Disabling it completely is probably not a good idea, but I just wanted to get the ball rolling to address this issue and adjust these parameters.

google-cla · 2022-07-14T01:36:13Z

Thanks for your pull request! It looks like this may be your first contribution to a Google open source project. Before we can look at your pull request, you'll need to sign a Contributor License Agreement (CLA).

View this failed invocation of the CLA check for more information.

For the most up to date status, view the checks section at the bottom of the pull request.

droot · 2022-07-15T23:00:21Z

Thanks @jashandeep-sohi for the PR.

@karlkfi Can you pl. take a look this.

karlkfi · 2022-07-16T00:45:44Z

🤔

This should probably just be part of UpdateQPS, so that if server-side throttling is enabled the client-side discovery throttling is disabled.

I had assumed that disabling the QPS would also disable the discovery QPS, but I think the discovery QPS has its own separate default, and that’s why you’re seeing a delay.

How many CRDs are you applying in one package tho?

We might need to build a smarter discovery mapper to really solve this problem. Right now the cache invalidation is all or nothing and preemptively loads all the CRDs after each reset.

jashandeep-sohi · 2022-07-16T19:33:39Z

thinking

This should probably just be part of UpdateQPS, so that if server-side throttling is enabled the client-side discovery throttling is disabled.

I had assumed that disabling the QPS would also disable the discovery QPS, but I think the discovery QPS has its own separate default, and that’s why you’re seeing a delay.

How many CRDs are you applying in one package tho?

We might need to build a smarter discovery mapper to really solve this problem. Right now the cache invalidation is all or nothing and preemptively loads all the CRDs after each reset.

It's not even that many CRDs at the moment. It's about 26 right now (all the cluster-api ones), but that's certainly expected to increase as we start using more crossplane ones.
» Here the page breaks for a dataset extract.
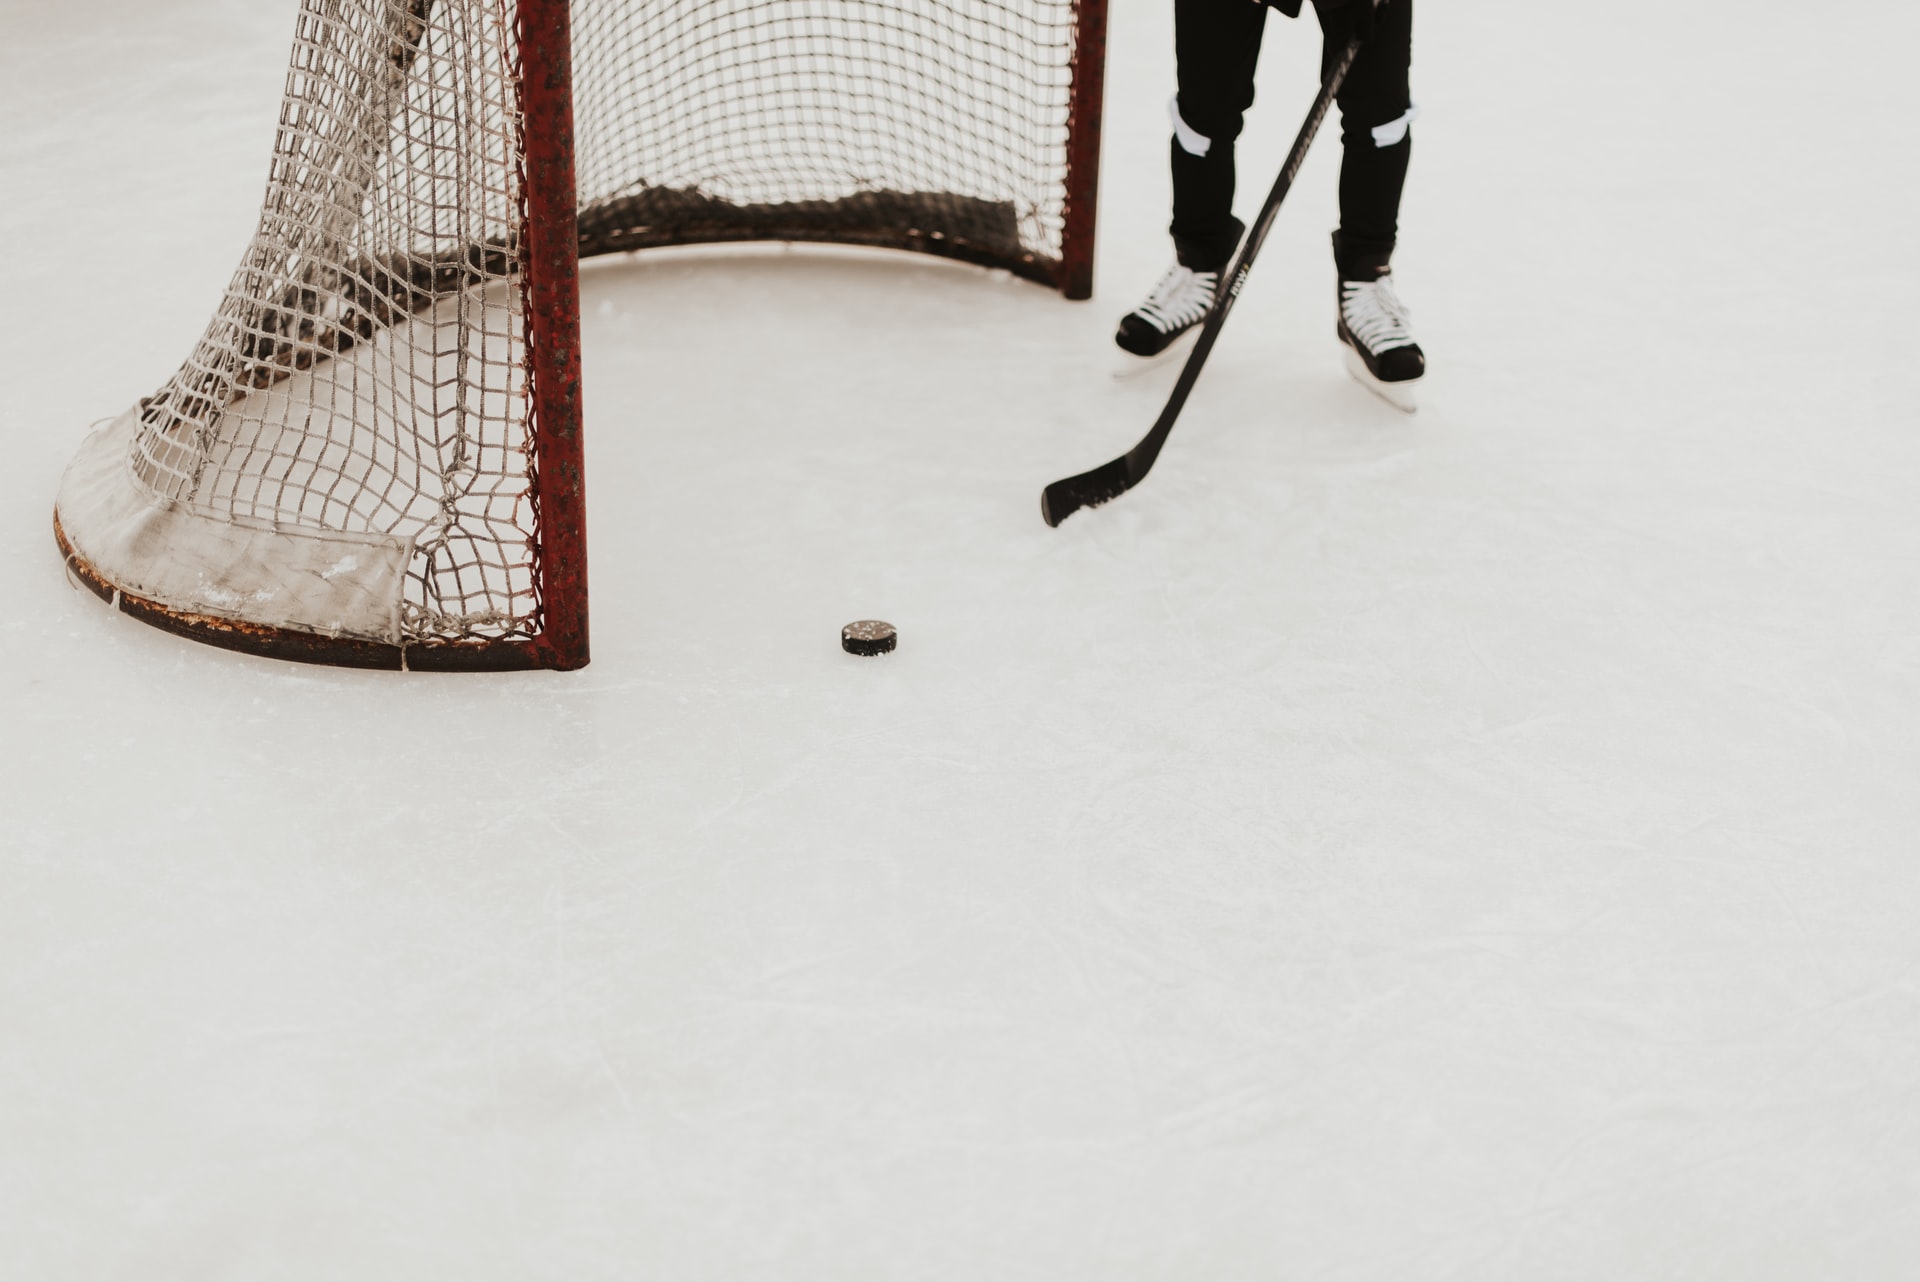 A person standing next to a hockey goal on the ice rink.

I followed your lead, and my understanding is it's not primarily the number of CRDs you're applying that matters, but rather the total number of different API Groups that are already installed on the cluster:

Apply the CRDs w/ kpt
On every CRD update this resets the RESTMapper e.g. https://github.com/kubernetes-sigs/cli-utils/blob/0cb95eeda69d254472d3afc81dacfb0d9344fcd0/pkg/kstatus/watcher/object_status_reporter.go#L576-L589
Which eventually makes its way to https://github.com/kubernetes/client-go/blob/cab7ba1d4a523956b6395dcbe38620159ac43fef/discovery/cached/disk/cached_discovery.go#L266-L274
And that's basically the equivalent of rm -rf $HOME/.kube/cache/discovery/$server/* causing the discovery client to repopulate all of the CRD groups installed (in addition to the one that triggered the invalidation). This happens on every CRD apply!

Perhaps the real fix is better cache invalidation. Wouldn't it be enough to just invalidate a single API Group? i.e. the one that's being applied? Maybe I should also open up an issue upstream, but that seems like a much bigger change that'll take some time to make it's way through.

Regardless, I think adjusting these parameters (or providing a way to customize them at runtime) would be helpful.

karlkfi · 2022-07-16T19:49:21Z

Yeah, the upstream mapper is the root problem here. It doesn’t provide an API for invalidating a single API group, and it’s too aggressive about pre-loading because it’s designed to assume that a cache miss means it’s not registered on the server. There have been a number of proposals to fix this but none of them have been implemented yet.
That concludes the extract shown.